1 to 20 alkoxy groups, 6 to 20 carbon atoms arylo
Xy group, alkyl group having 1 to 20 carbon atoms, 6 to 20 carbon atoms
Aryl group, alkylaryl group, arylalkyl
Group, halogen-substituted hydrocarbon group having 1 to 20 carbon atoms, carbon number
1-20 acyloxy groups, alkoxy having 1-20 carbon atoms
Cyaryl group, halogen-substituted alkoxy having 1 to 20 carbon atoms
From cyaryl groups, organic metalloid groups or halogen atoms
R ^{1 to} R ⁷ are two or more of each other
[L] ⁺ , which may combine with each other to form a ring, is selected from groups 1, 7, 8, 10, 11, and 13 to 16 of the periodic table.

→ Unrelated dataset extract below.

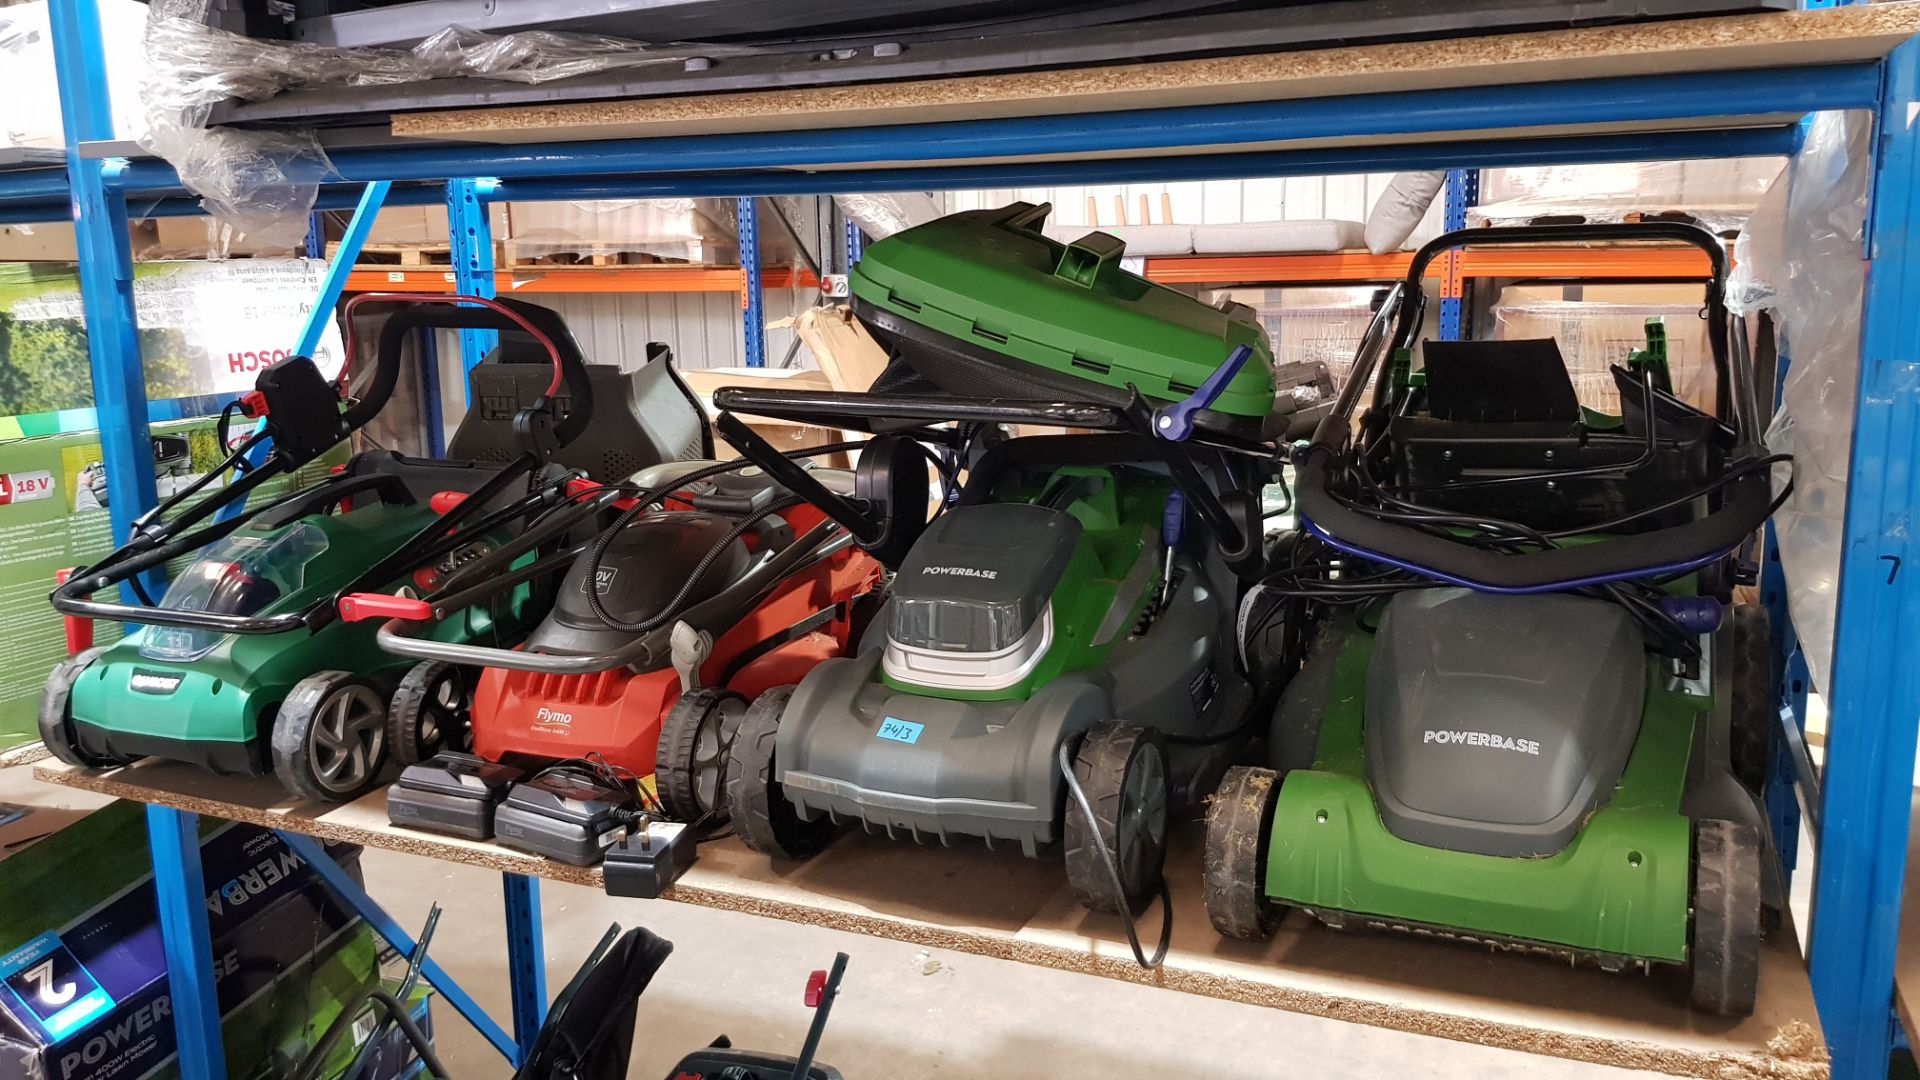 (10CD) Trader’s Lot – Contents Of 3 Bays. 13x Mixed Lawn Mowers. To Include Powerbase, Flymo, Qualc - Image 11 of 11

Shows a cation containing an element selected from the group . ) 2. The compound represented by the general formula (1) wherein L is M
^{3, M 4 R 8 R 9} , E 1 R 10 R 11 R 12 or ^{E 2 R 13 R 14 R 15} R
Are those represented by ^16, 1 Group M ³ represents the periodic table, 11
M ⁴ is an element selected from Group 13 and Group 13 ;
An element selected from Group 10 ; E ¹ represents a carbon atom, an oxygen atom or a sulfur atom, E ² represents a nitrogen atom or a phosphorus atom, and R ⁸ and R ⁹ are a cyclopentadienyl group, a substituted cyclopentadienyl group, an indenyl Or a substituent selected from a fluorenyl group, which may combine with each other to form a ring, and R ^{10 to} R ^{16 each} represent a hydrogen atom, a halogen atom,
2. The method for producing an α-olefin low polymer according to claim 1, which is selected from 20 alkyl groups, 6 to 20 carbon aryl groups, alkylaryl groups, arylalkyl groups, and organic metalloid groups. 3. The α-olefin or chromium compound according to claim 1, wherein an α-olefin or a chromium compound is introduced into a solution containing an amine, an alkylaluminum compound, and a compound represented by the general formula (1) or (2). -A method for producing an olefin low polymer. 4. A solution containing an alkylaluminum compound and a compound represented by the general formula (1) or (2),
The method for producing an α-olefin low polymer according to claim 1 or 2, wherein an olefin, a chromium compound, and an amine or a metal amide are introduced. 5. A chromium compound, an amine or a metal amide,
The method for producing an α-olefin low polymer according to claim 1 or 2, wherein the α-olefin and the alkylaluminum compound are introduced into a solution containing the compound represented by the general formula (1) or (2). 6. The α-olefin is ethylene;
The method for producing an α-olefin low polymer according to any one of claims 1 to 5, wherein the olefin low polymer is mainly 1-hexene.